Boston Red Sox
Conte: Bonds got no drugs from me
Just out of prison, former BALCO boss Victor Conte denies the claims in the book, Game of Shadows.
01:00 AM EST on Friday, March 31, 2006
SAN MATEO, Calif. -- BALCO founder Victor Conte insisted yesterday that he never gave performance-enhancing drugs to Barry Bonds and that a new book that makes those claims is "full of outright lies."
Conte spoke to The Associated Press outside his San Mateo home hours after his release from prison, where he spent four months after pleading guilty to orchestrating an illegal steroids distribution scheme that allegedly involved many high-profile athletes, including Bonds.
Asked whether he gave Bonds performance-enhancing drugs, Conte said: "No, I did not."

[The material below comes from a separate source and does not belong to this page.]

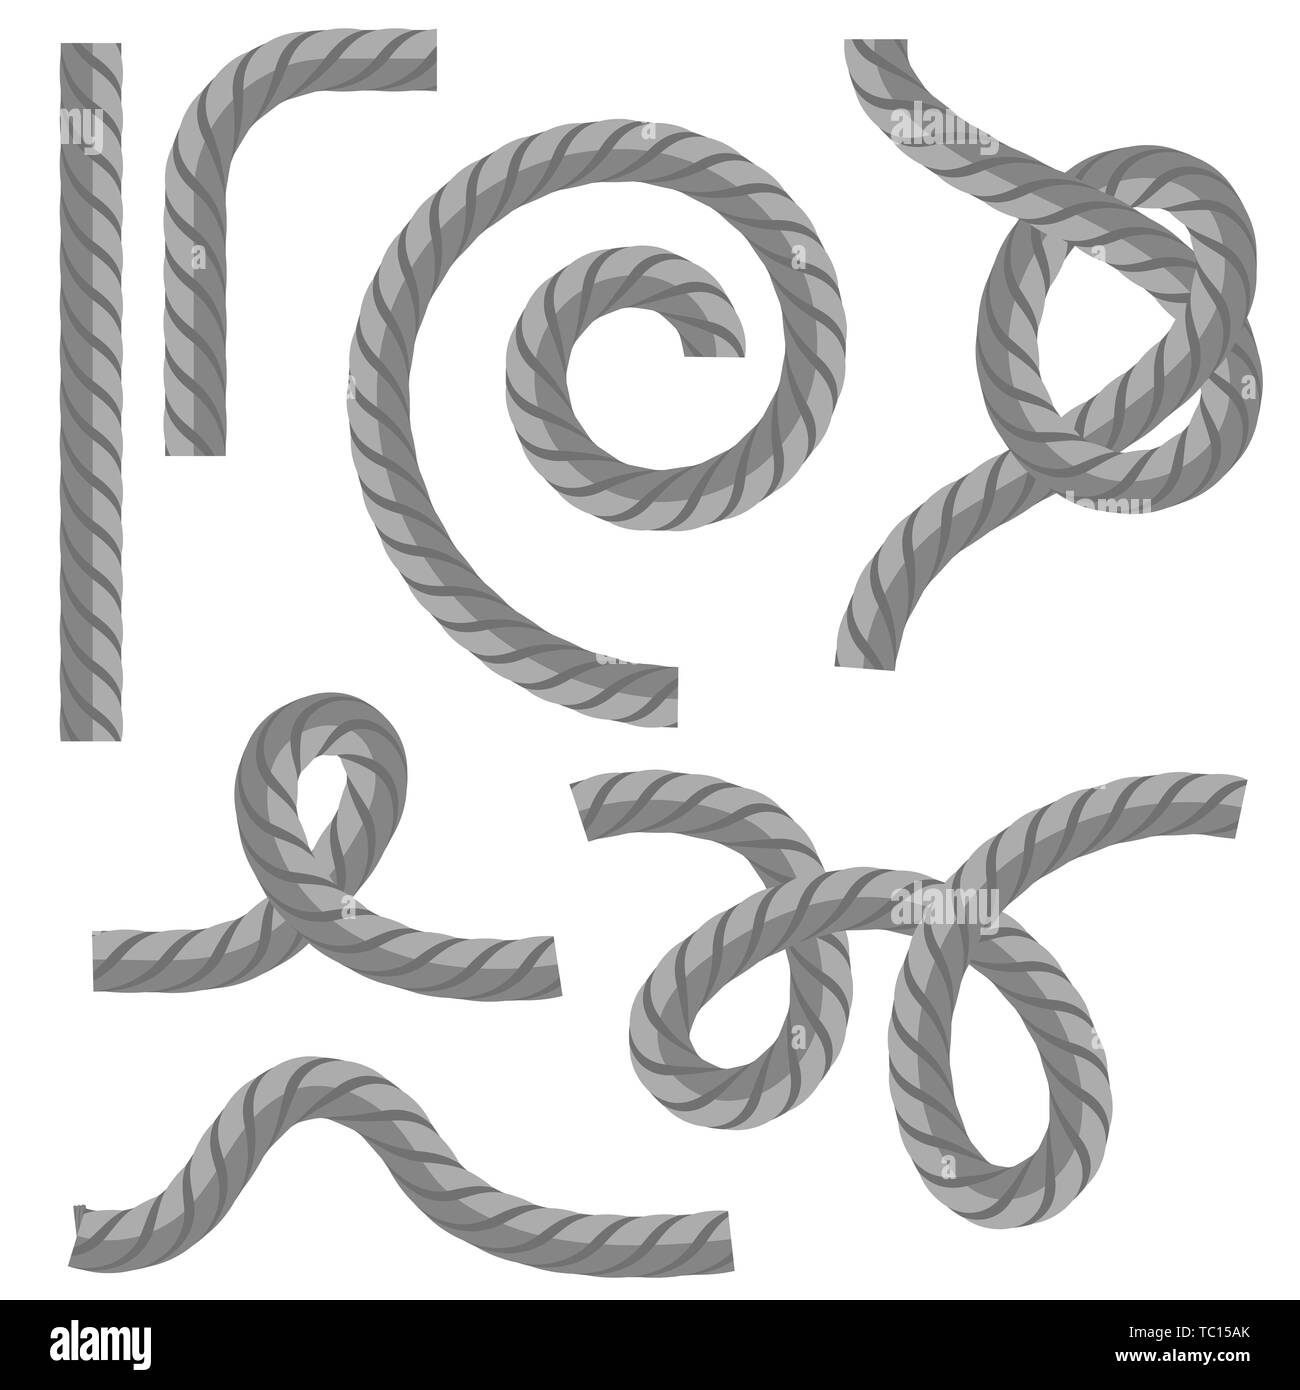 Different Rope Set with Knot on White Background. Stock Photo

A new book, Game of Shadows, by two San Francisco Chronicle reporters, chronicles the founding of the Bay Area Laboratory Co-Operative and details alleged extensive steroid use by Bonds and other baseball stars. Baseball Commissioner Bud Selig announced yesterday that former Senate Majority Leader George Mitchell will lead an investigation into the claims.
"I plan to provide evidence in the near future to prove that much of what is written in the book is untrue," Conte told the AP. He declined to list specific inaccuracies or what evidence he would provide, but said the book is "about the character assassination of Barry Bonds and myself."
"It's my opinion that the two writers of the book have a disease called fabrication-itis," Conte said, holding a copy of Game of Shadows as he stood on his front steps.
The book's authors, Lance Williams and Mark Fainaru-Wada, were on an airplane yesterday and not available for comment.
Lisa Johnson, a spokeswoman for Gotham Books, which published Game of Shadows, did not immediately return a call from the AP.
"We stand by the reporting that Mark and Lance did throughout this story and in all the stories that were published in the paper," Chronicle executive vice president and editor Phil Bronstein said. "And if and when Mr. Conte speaks further about this, I'm sure we'll report about that as well."
Conte was picked up by his family after his 5:30 a.m. release from Taft Correctional Institution, about 40 miles southwest of Bakersfield, according to spokeswoman Mandy Ruff.
About five hours later, Conte arrived at his green two-story house in San Mateo, about 20 miles south of San Francisco, in a white sport-utility vehicle with darkened windows.